Showing posts with label Mahema Devadoss. Show all posts
Showing posts with label Mahema Devadoss. Show all posts

Tuesday, 4 March 2008

MAHEMA

Today’s newspaper carried in its columns the news of the death of Mahema Devadoss. I was distressed to see it.

Mahema was a most pleasant personality, with a very sweet and ready smile. I met her first, about 12 years ago, when I went to interview her husband Manohar for our newspaper (I worked for a neighbourhood newspaper). He had just published a book, ‘The Greenwell Years’, about his salad days, and the book was illustrated with his pen-and-ink drawings - his forte. Though I was meeting them for the first time, they welcomed me so warmly and affectionately. One of the nicest couples I have met.

I remember the room where I waited for them - there was a portrait of M. S. Subbulakshmi, done by Manohar. Manohar came in and we started talking. A little later Mahema entered, in a wheelchair. I had not expected that, and it was rather a shock.

I learnt that in 1972, a few years after they were married and when their daughter was just a young child, they had been in a road accident, as a result of which Mahema was paralysed from the neck down. She needed help for everything – including getting into the wheelchair, and out of it. Manohar considered it his privilege to take care of her every need, day and night, though his failing eyesight, owing to an incurable complaint (retinitis pigmentosa) made his vision very weak over the years. And she, drawing on her inner strength, faced life positively – she conducted Spoken English classes at home, started writing, using a splint on her right hand to help her, and was a member of many fund raisers for charities.

After that first meeting, we were in fairly regular touch. Mahema even made the effort to attend my son’s wedding. Whenever she needed anything to be mentioned in our paper, she would call me and make the request so affectionately. ‘Rajima,’ was how she referred to me. And so does Manohar.

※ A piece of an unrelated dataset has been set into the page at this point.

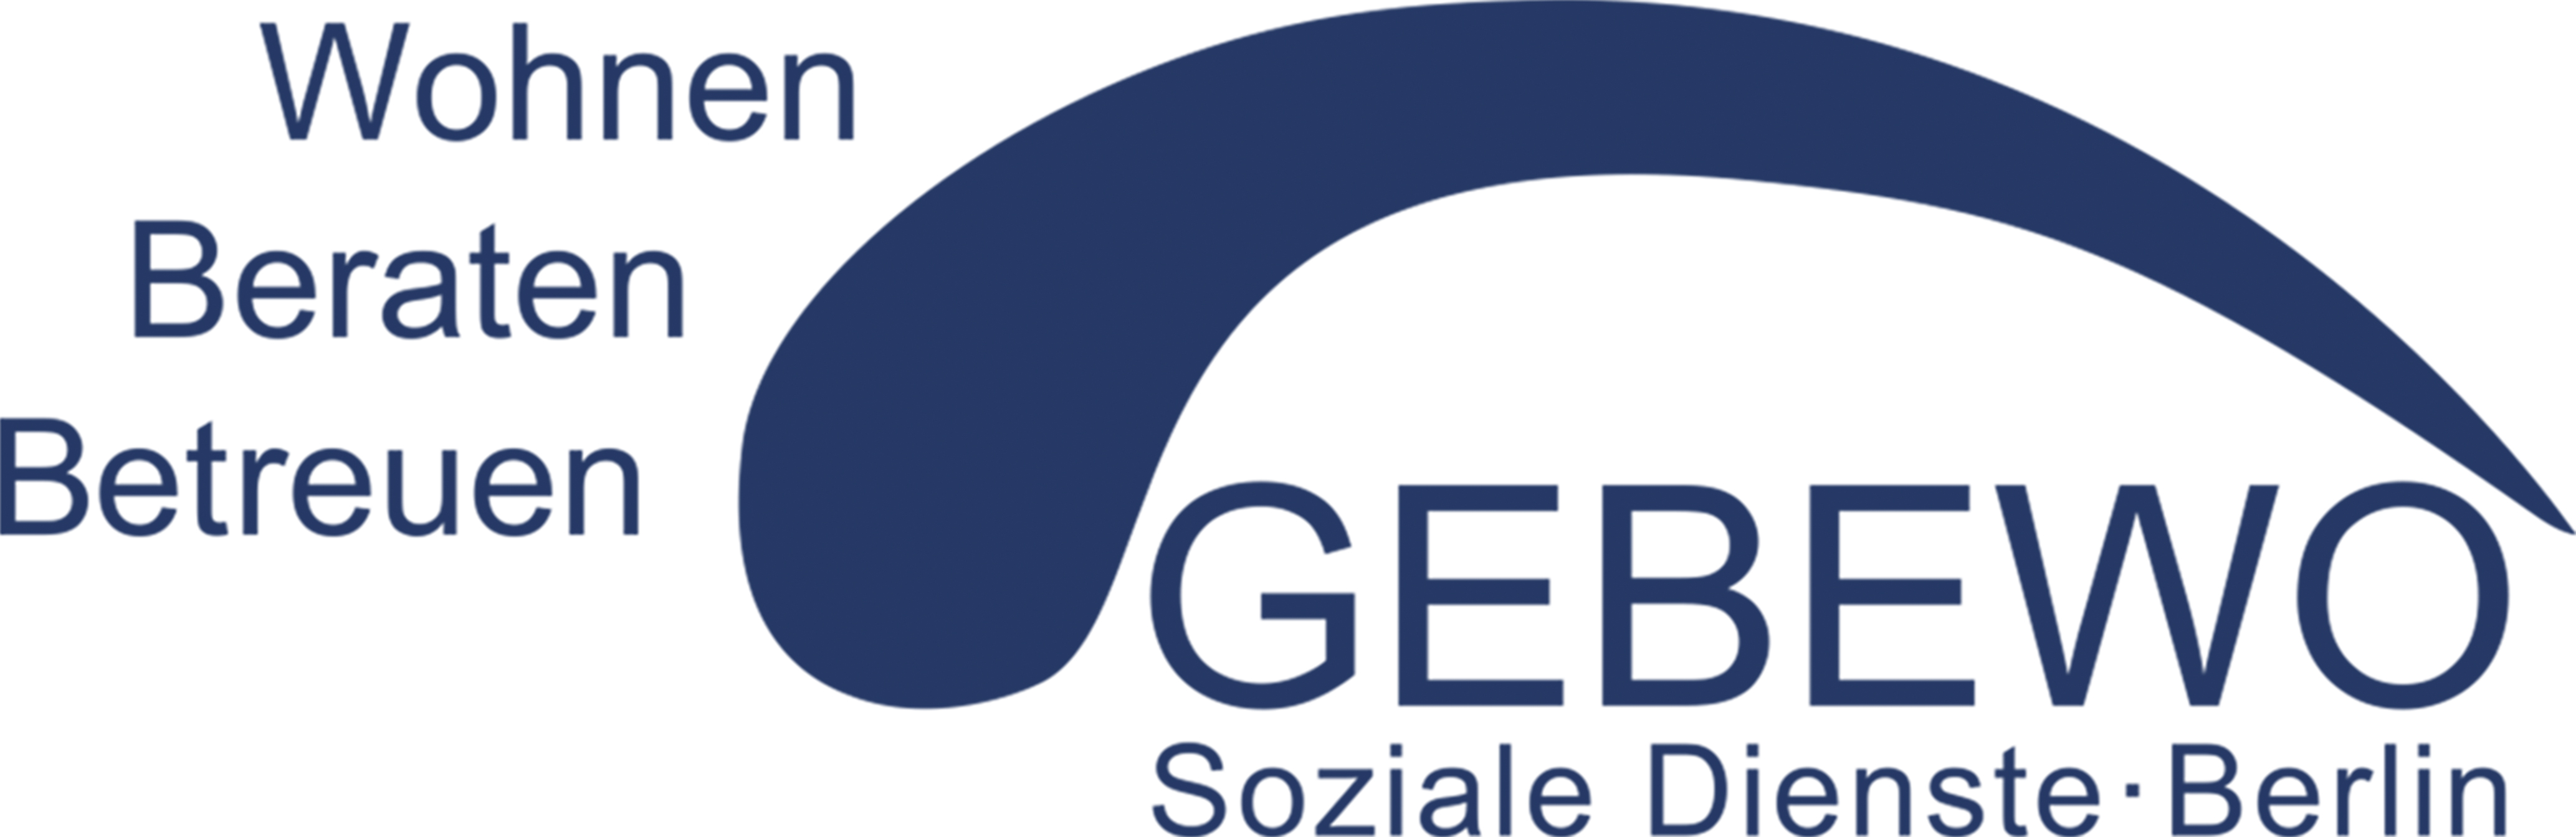 Logo: Gebewo - Soziale Dienste - Berlin gGmbH
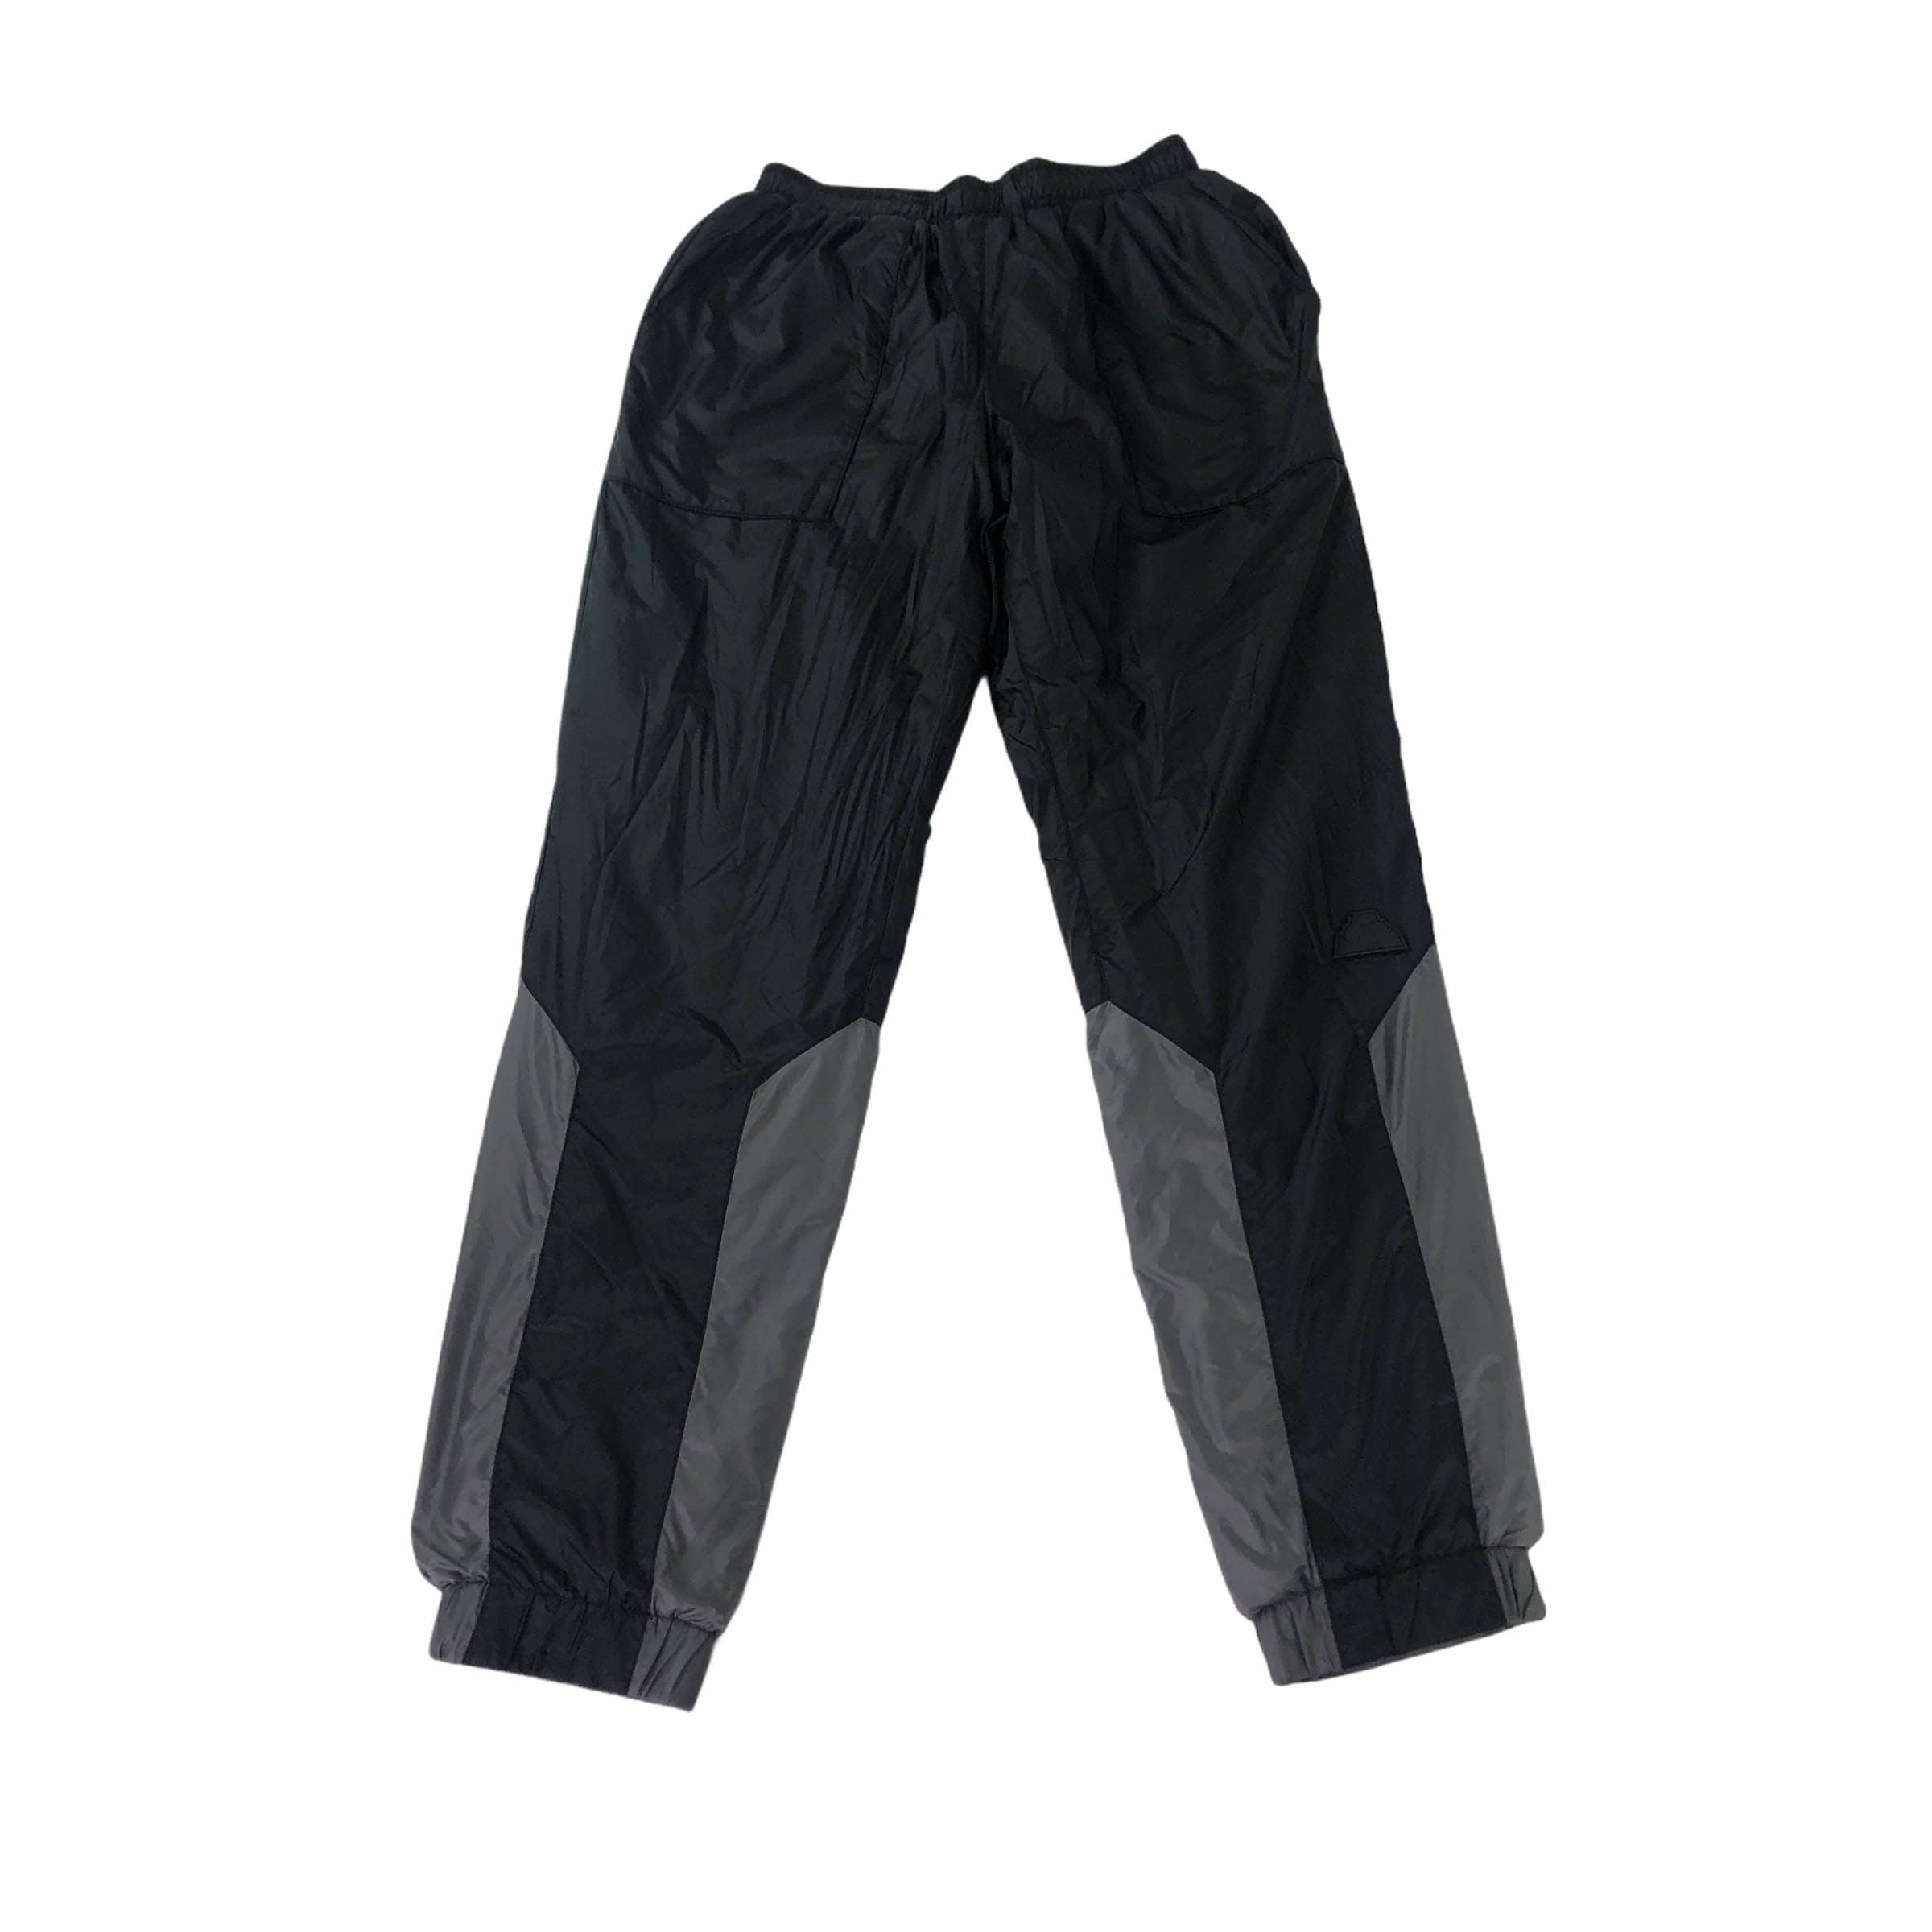 [Cavempt] Black and Gray Track Pants - Size L

In the last few years, they have put to good use Manohar’s gift of sketching buildings and Mahema’s descriptive and accurate prose, to publish greeting cards for the festive season, and use the proceeds for charity. A well qualified woman, she had the gift of writing in chaste English, and took pains to research for the material.

Manohar wrote about her in his book ‘A Poem to Courage’ – a tribute to her great courage in the face of adversity. She was indeed one of the bravest and most uncomplaining persons I have known – and so is he.